Prudential rides out UK pension reforms with rise in profits everywhere

This article is more than 9 years old
George Osborne's shake-up led to a 43% slump in UK sales of personal annuities – to £63m worth in the first half of the year

Prudential has shrugged off the impact of George Osborne's pension reforms as it beat market expectations with a 17% increase in first-half profits.

The insurance group's first-half operating profits – the figure most closely watched by the market – rose to £1.5bn before tax. Prudential welcomed the Chancellor's shake-up of the UK pensions market, which scrapped the requirement for pensioners to swap their pension pots for an annuity.
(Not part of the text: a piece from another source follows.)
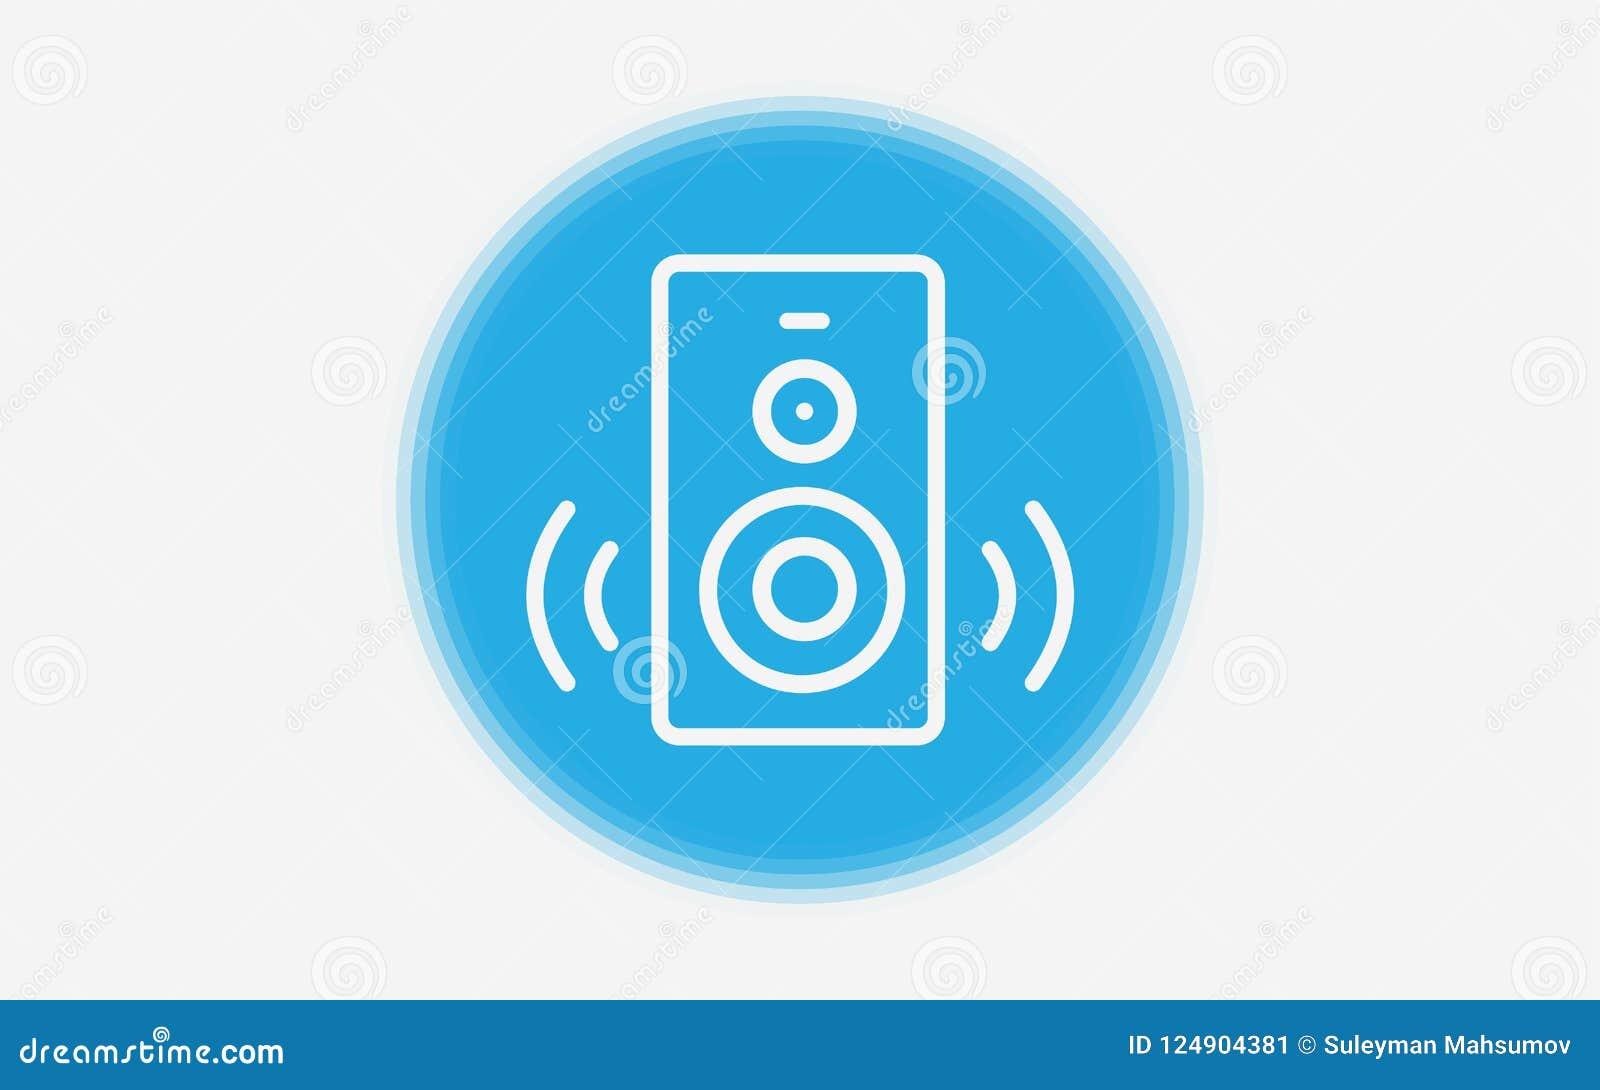 Speaker Vector Icon Sign Symbol Stock Vector Illustration Of Loud
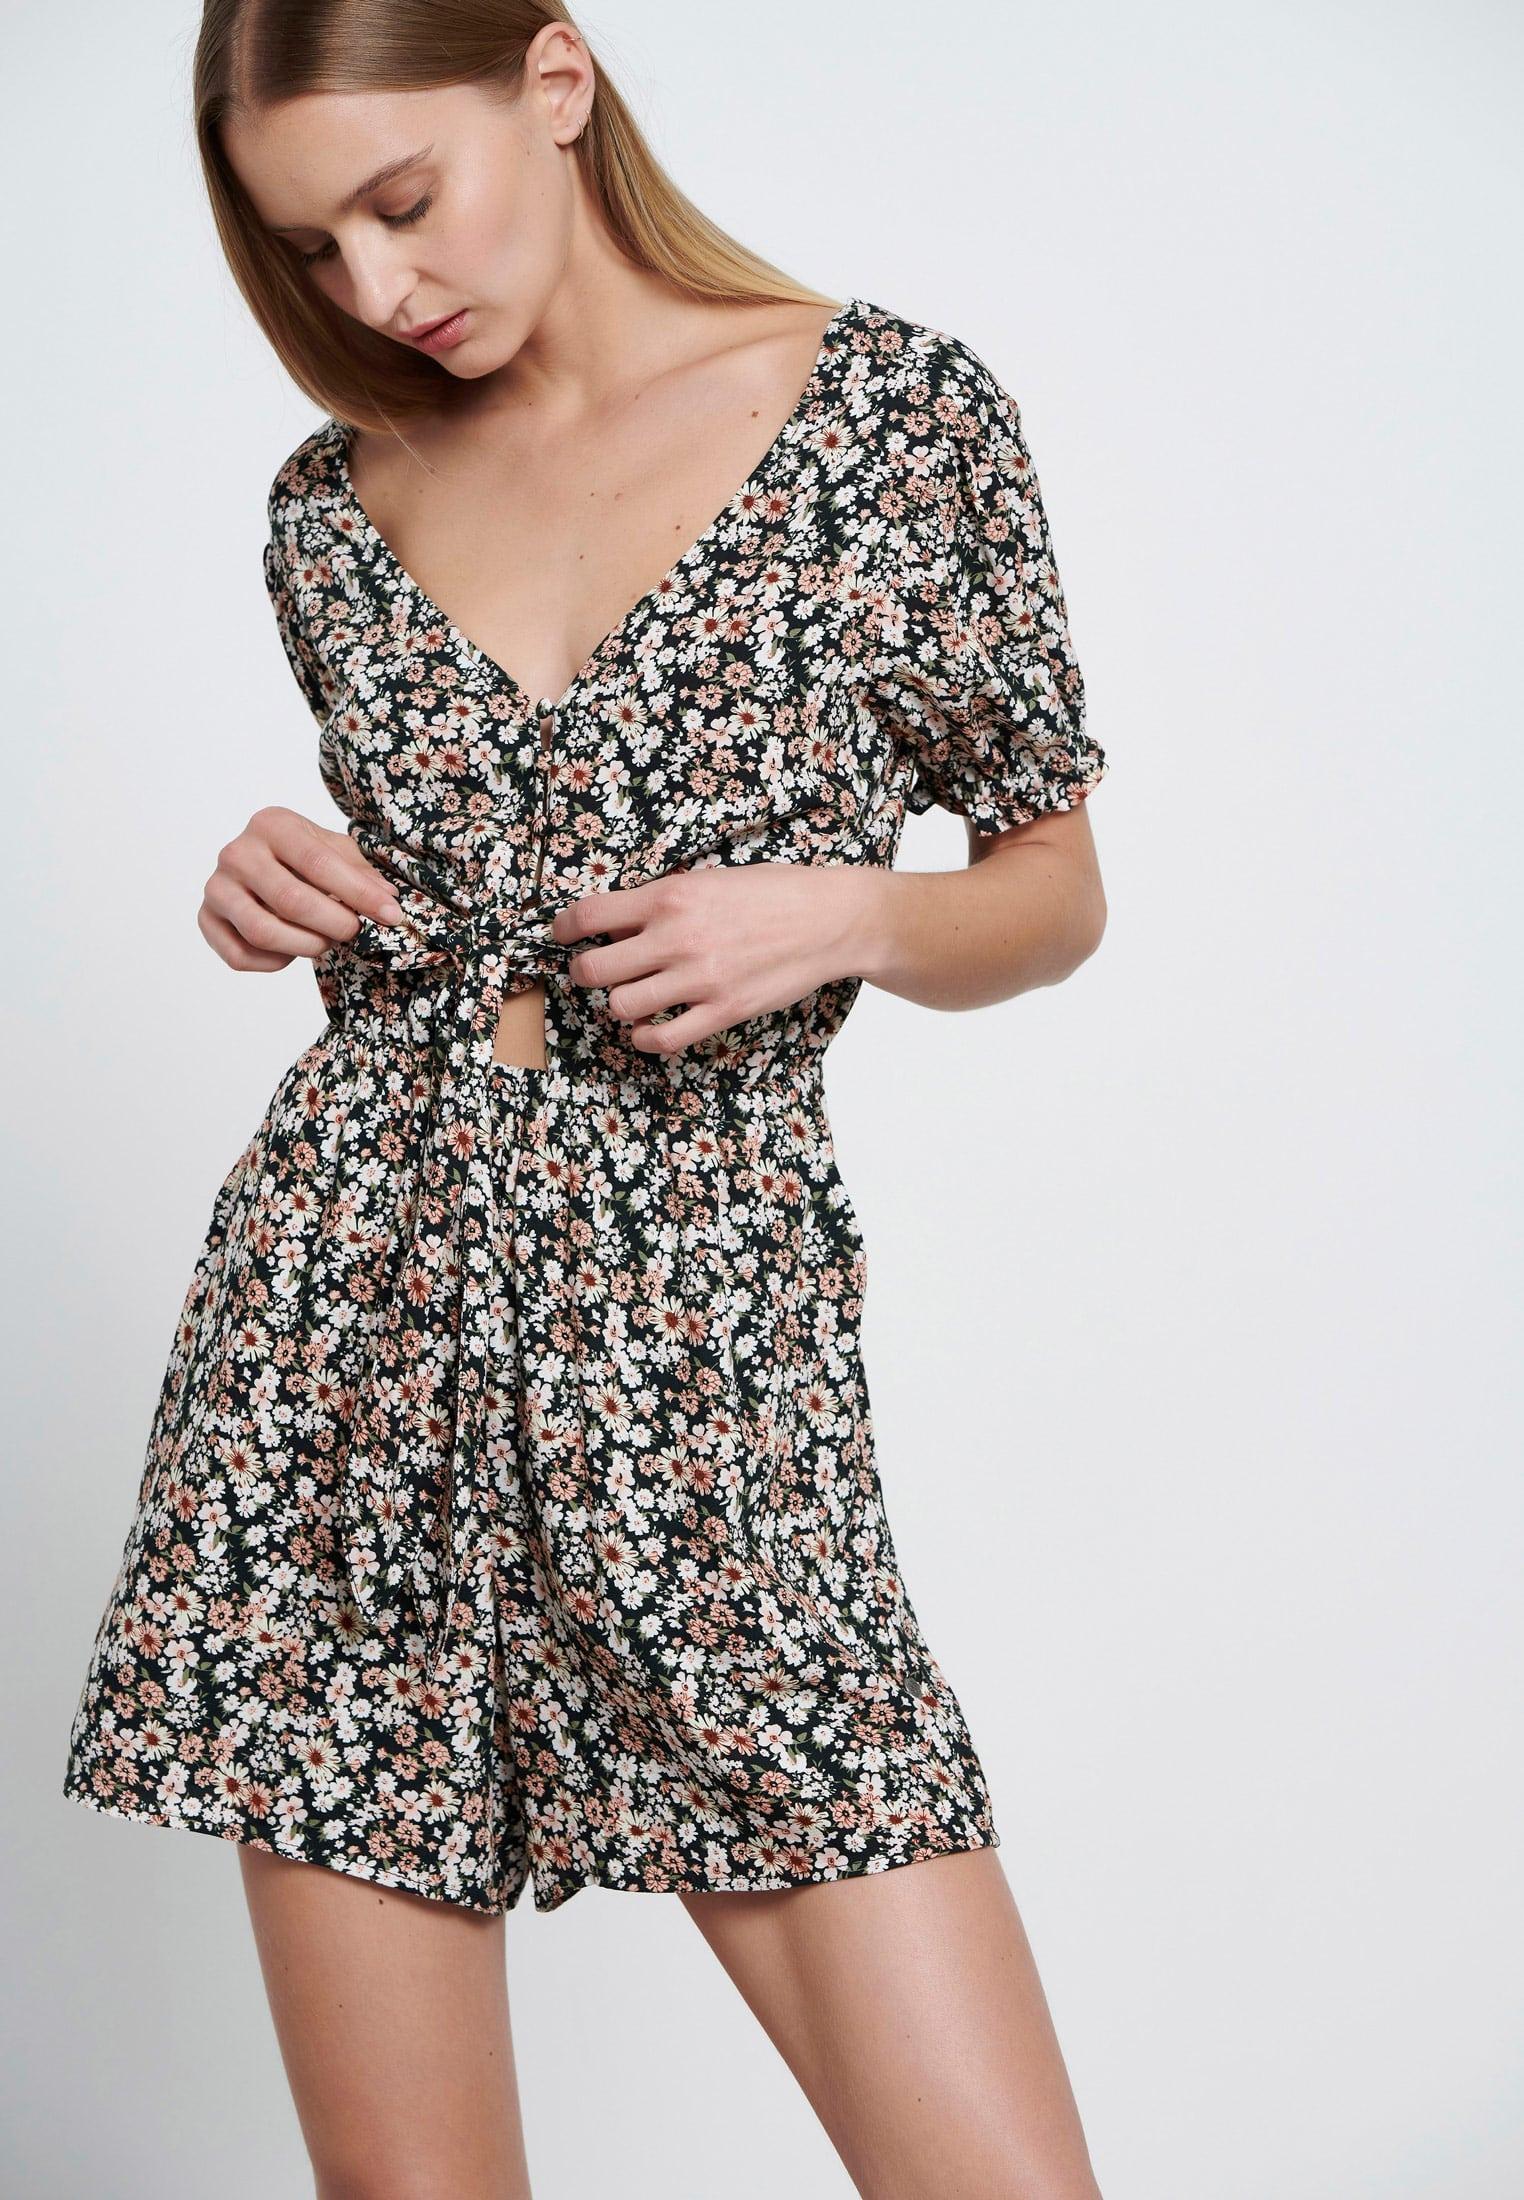 Viscose ολόσωμη φόρμα με floral τύπωμα

Under the reforms, instead of being provided with an annuity – a regular income from the pension pot that a person has accumulated during their working life – workers will be able to spend their pension pots on whatever they wish. That caused a 43% slump in sales of personal annuities to £63m, which was in line with Prudential's peers.

Tidjane Thiam, Prudential's chief executive, said the pensions overhaul, announced in the budget, had caused "considerable disruption to the market for annuities". But he welcomed the changes, which he said would "be beneficial both for customers and Prudential in the long term".

The UK division still posted a 10% increase in operating profits, lifted by Pru's life and retirement division, which wrote more pension insurance deals with corporate schemes.

The US business boasted the healthiest performance, with operating profits up 28%, as stronger stock markets and an improving economy lifted consumer confidence. Thiam said the Pru's US division was focused on meeting the needs of 77 million baby boomers as they enter retirement.

In Asia, Prudential continued to enjoy strong demand from the region's rapidly growing middle class, offsetting political instability and floods in Indonesia, as well as the military takeover in Thailand.

Thiam said: "The strategy has been, is and will remain, to grow fast and aggressively in Asia. How we do it is really a function of opportunity." He took the opportunity to rage against shareholders that stood in the way of the insurer's $35.5bn (£21bn) bid for rival AIA back in June 2010. "That opportunity has passed. There was one opportunity; we managed to get it and we didn't conclude it. My only frustration is that we didn't succeed."

Thiam said the group would not change "aggressive" expansion plans in Asia, despite challenging conditions.

"In the first half of this year, some of our markets experienced headwinds as a result of political and economic events such as the uncertainty over the outcome of presidential elections in Indonesia or the military takeover in Thailand. These shorter-term cyclical pressures do not detract from the long-term structural trend of growing demand for our products and services from the rapidly growing and underinsured middle classes."

Richard Hunter, head of equities at Hargreaves Lansdown Stockbroker said: "Even set against high expectations, Prudential continues to storm ahead, leaving many of its rivals in its wake. Its strategy is bearing fruit in each of its geographies, in particular Asia and the US."